Analyzing Trading Trends
The next step in data analysis is to review trading trends. You must carefully analyze which symbols, timeframes, and strategies have worked best for you. Market conditions, such as bullish, bearish, or neutral trends, can also have a significant impact on trade results. By identifying these trends, you can focus on markets and conditions that have provided the best returns and avoid unfavorable conditions. This stage helps you fine tune your strategy in a more precise and targeted manner.
Psychology in Trading
One of the important yet often overlooked factors in trading is the trader's psychology. Recording and analyzing your emotional states throughout trades can reveal valuable insights. For instance, you may have made poor decisions during stressful or overly excited moments, or on the contrary, performed better in a calm state. Recognizing the positive and negative emotions influencing your decisions helps you better control them and prevent negative psychological impacts on your trading.
Using Charts and Graphical Reports
Using charts and visual reports is a powerful tool for better understanding your data. By viewing graphs, you can see trends, strengths, weaknesses, and behavioral patterns more clearly. These visuals help you stay motivated to improve your performance and make more informed decisions. Additionally, graphical reports, as accurate documentation, provide the opportunity to compare performance across different periods.

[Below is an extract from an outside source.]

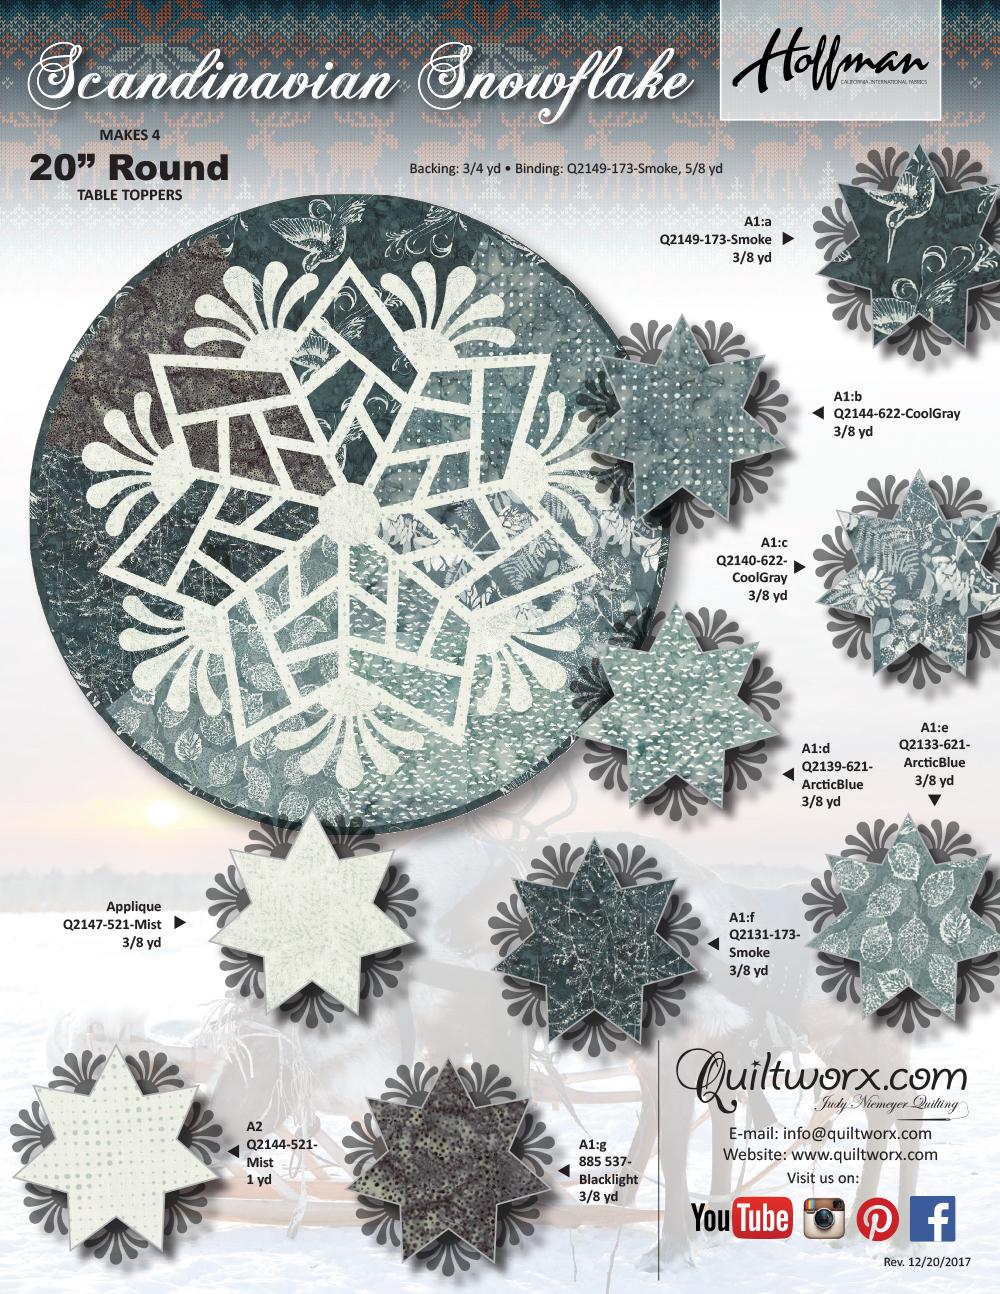 Scandinavian-Snowflake-(Grey)-Hoffman-1pg-KS

Developing Performance Improvement Plans
Finally, careful data analysis allows you to correctly identify your successful and unsuccessful patterns. This understanding forms the foundation for creating operational plans to improve both individual and strategic performance in the future. Using the results of your analysis, you can implement necessary changes in strategies, risk management, and trading psychology, smoothing your path to progress. In this journey, consistency and repeated analysis of data are key to sustained success.